In any case, we actually do appear to be reaching the end of Moore’s Law by continuously shrinking process geometries.
And now the main ramble…
What follows is utter speculation…
Are there ways to keep going with scaling? Perhaps 3D chip technologies can help but these, when used for logic, are tremendously limited by power dissipation (without a process shrink, 50% more transistors ~= 50% power). Other highly speculative techniques maybe produce non-CMOS-based logics.

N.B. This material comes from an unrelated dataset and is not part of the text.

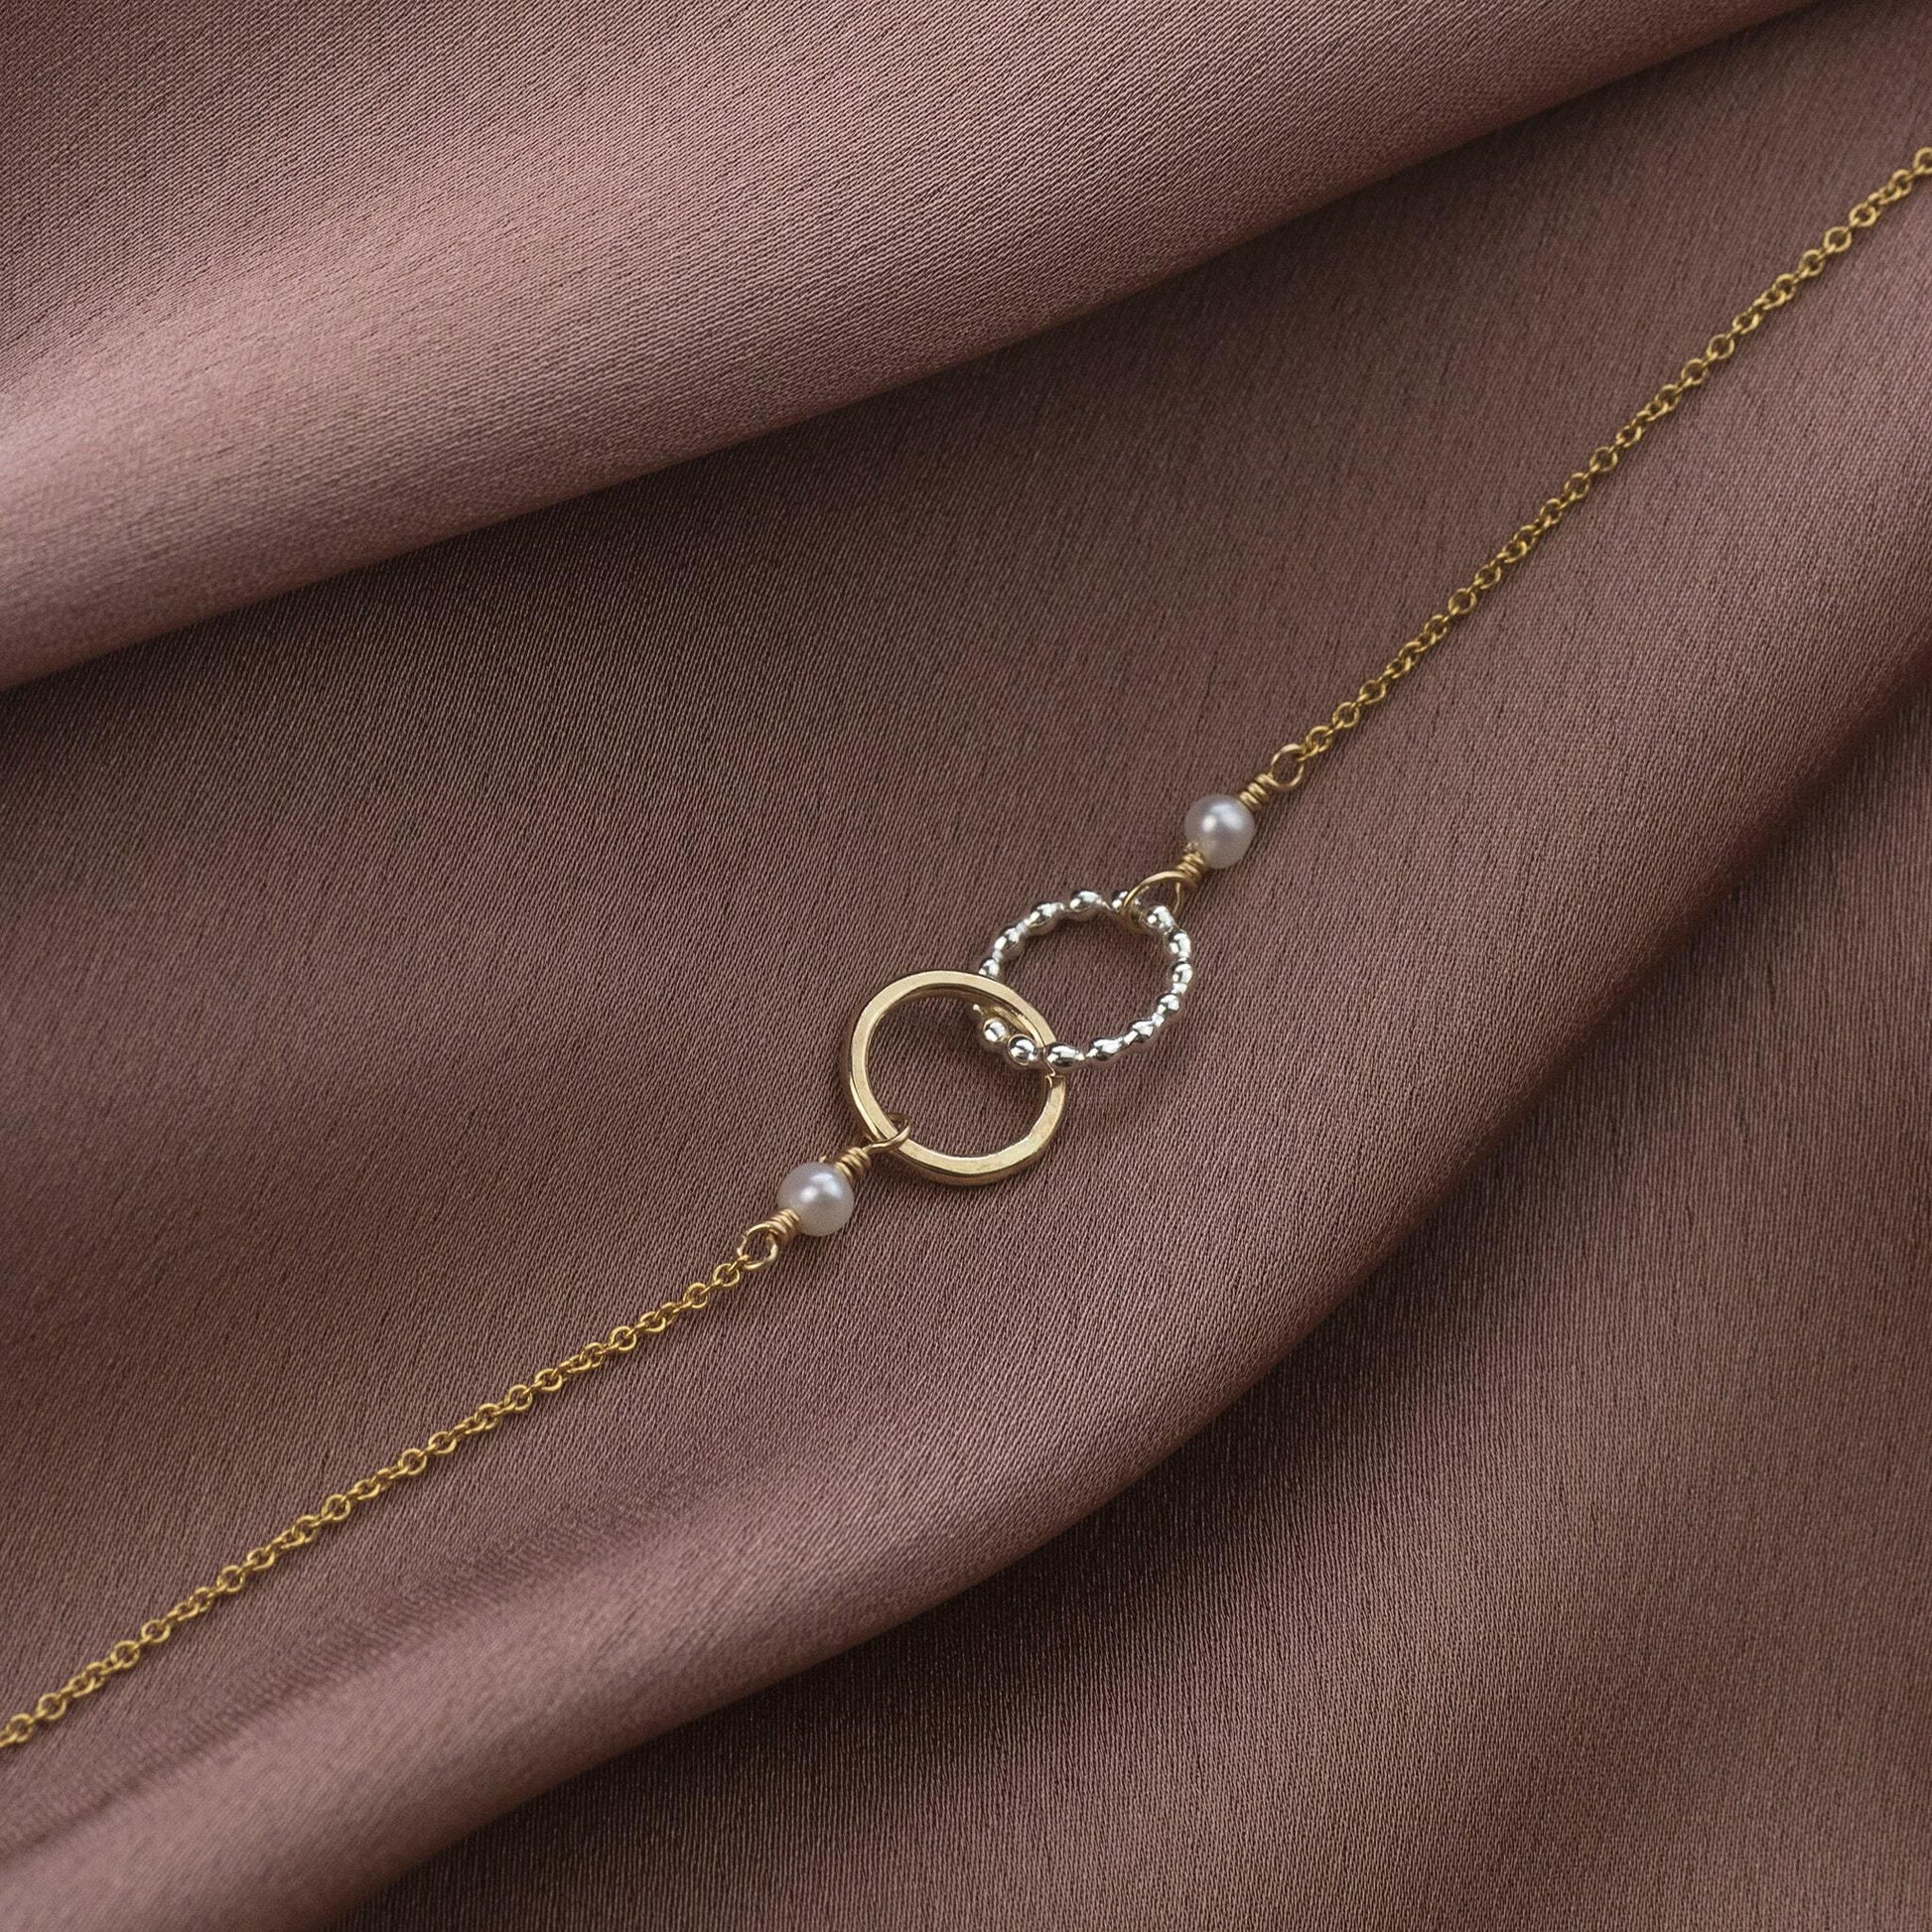 Gift for Bride from Sister - Love Link Bracelet - Silver & Gold

One area that hasn’t received much attention is utilization (at least w.r.t. scaling). The hyperscalers are certainly paying attention to this factor but a significant (vast?) majority of the processors/co-processors sold worldwide run at very low utilization. Your mobile phone is powered down as much as possible (even if the screen is on); your laptop constantly cycles its clock frequency down in order to reduce power draw (and to avoid spinning the fan (more power)). So, around the world, huge amounts of processing power are sitting idle (on our phones, laptops, TVs and desks).

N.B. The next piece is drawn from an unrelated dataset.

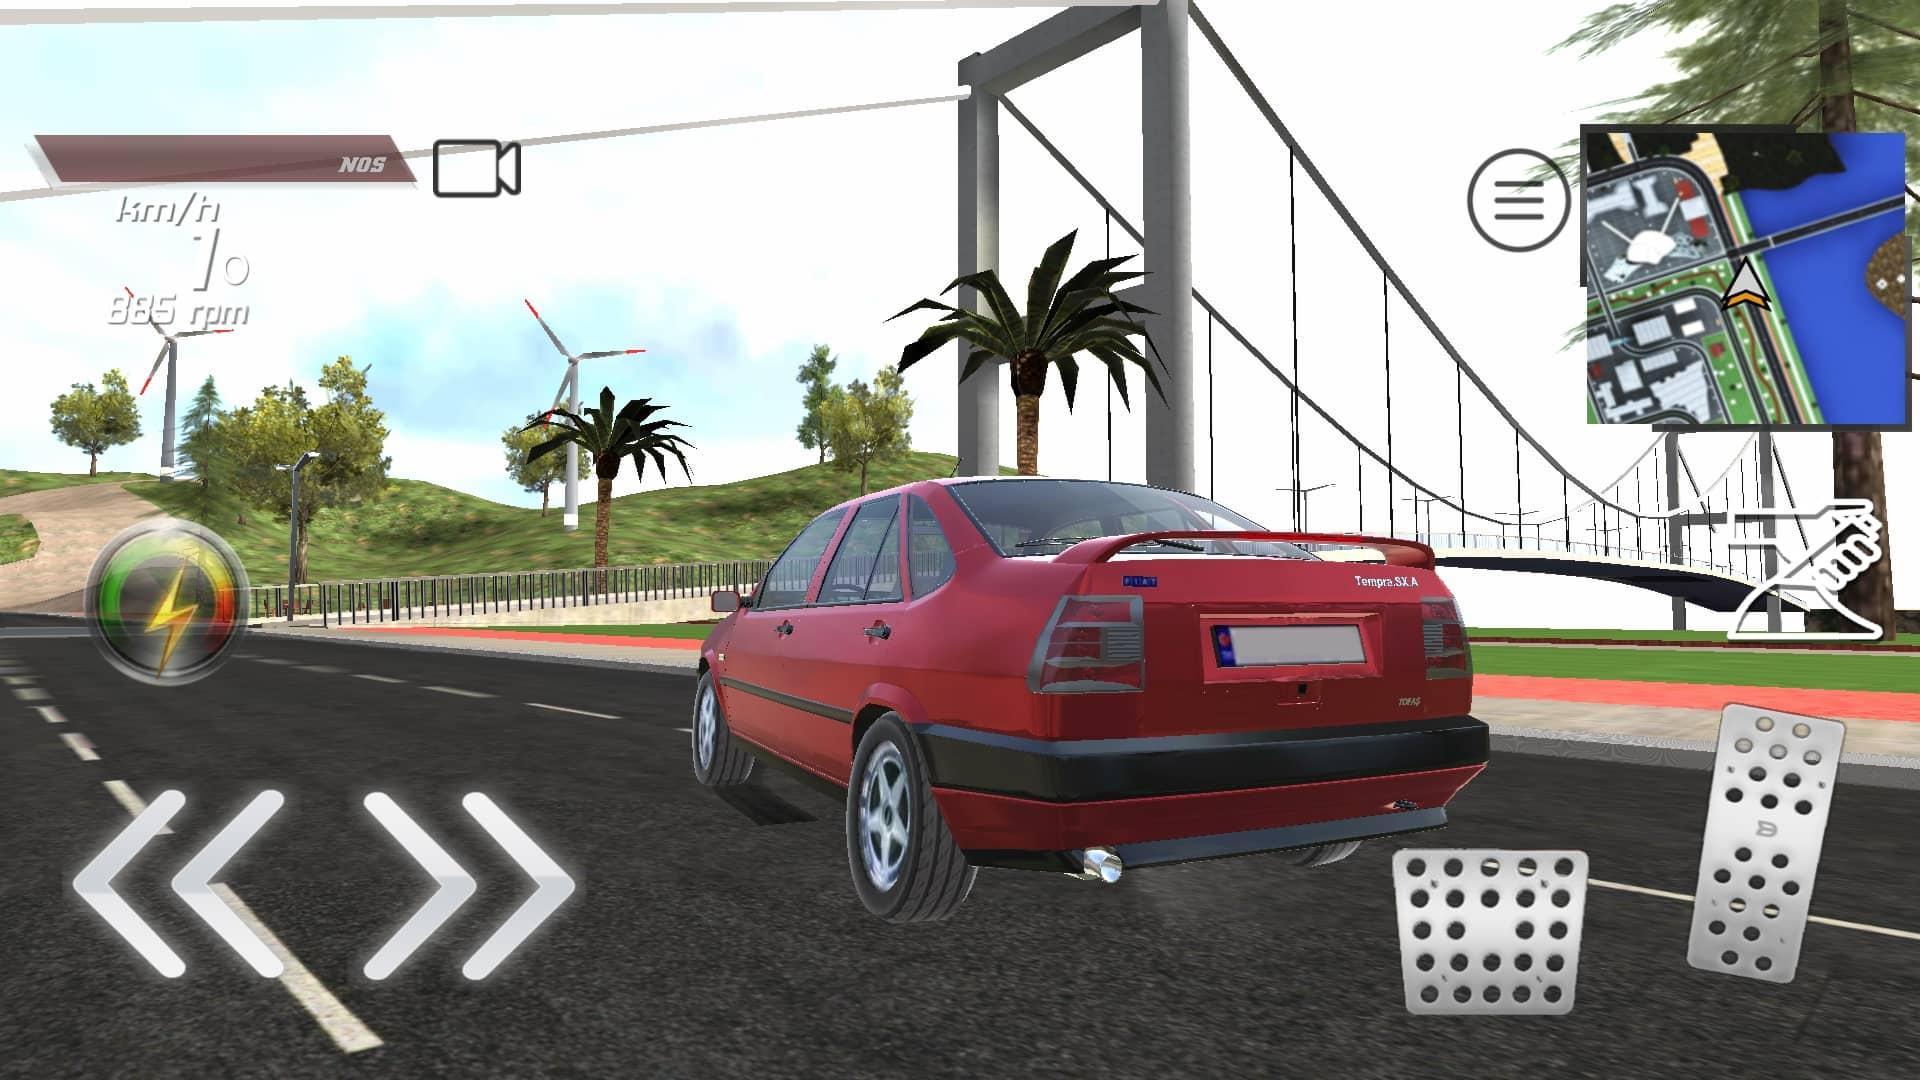 Tempra - City Simulation, Quests and Parking 1.7 Screenshot 20

So what happens if we leave as little functionality on a phone or laptop as possible and leave the “computing” to the hyperscalers? We’re back to the good old days of thin-clients and thick-servers (sorta like “big iron” but more like heaps of “iron dust”). Assuming 75% of the world’s compute power is nearly un-utilized (~2.5%) and 25% is heavily utilized (I’ve heard from hyperscalers that 33% utilization is a good average for hyperscalers), then we’re at about 8% utilization for global compute. If “user” compute power (laptop, phone, etc) is constant (which it kinda is…) but demand for global compute continues rising, then hyperscalers have a significant incentive to increase utilization because additional compute is demanded and improved utilization has roughly no marginal cost (who doesn’t like free money?).

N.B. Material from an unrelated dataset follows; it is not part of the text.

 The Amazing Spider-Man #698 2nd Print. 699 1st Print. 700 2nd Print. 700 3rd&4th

If the above obtains and compute deployment shifts and utilization improves, we might wind up with 25% of the world’s compute underutilized @ 10% and 75% of the world’s compute more heavily utilized @ 50%. Then global compute utilization would sit at roughly (0.25*10% + 0.75*50%) 40%. If this shift were achieved over 3-5 years, that would represent a 7-12% annual increase in free compute improvements with no process improvements. Certainly not Moore’s Law’s ~45% increase and the improvement isn’t that visible to users but, hey!, free faster-compute is still a good thing.
 These notes on the end of Dennard Scaling are probably 75% accurate (it’s more complicated; some bit kept scaling; etc.) but that doesn’t really matter for this post; Dennard scaling is dead or greatly slowed.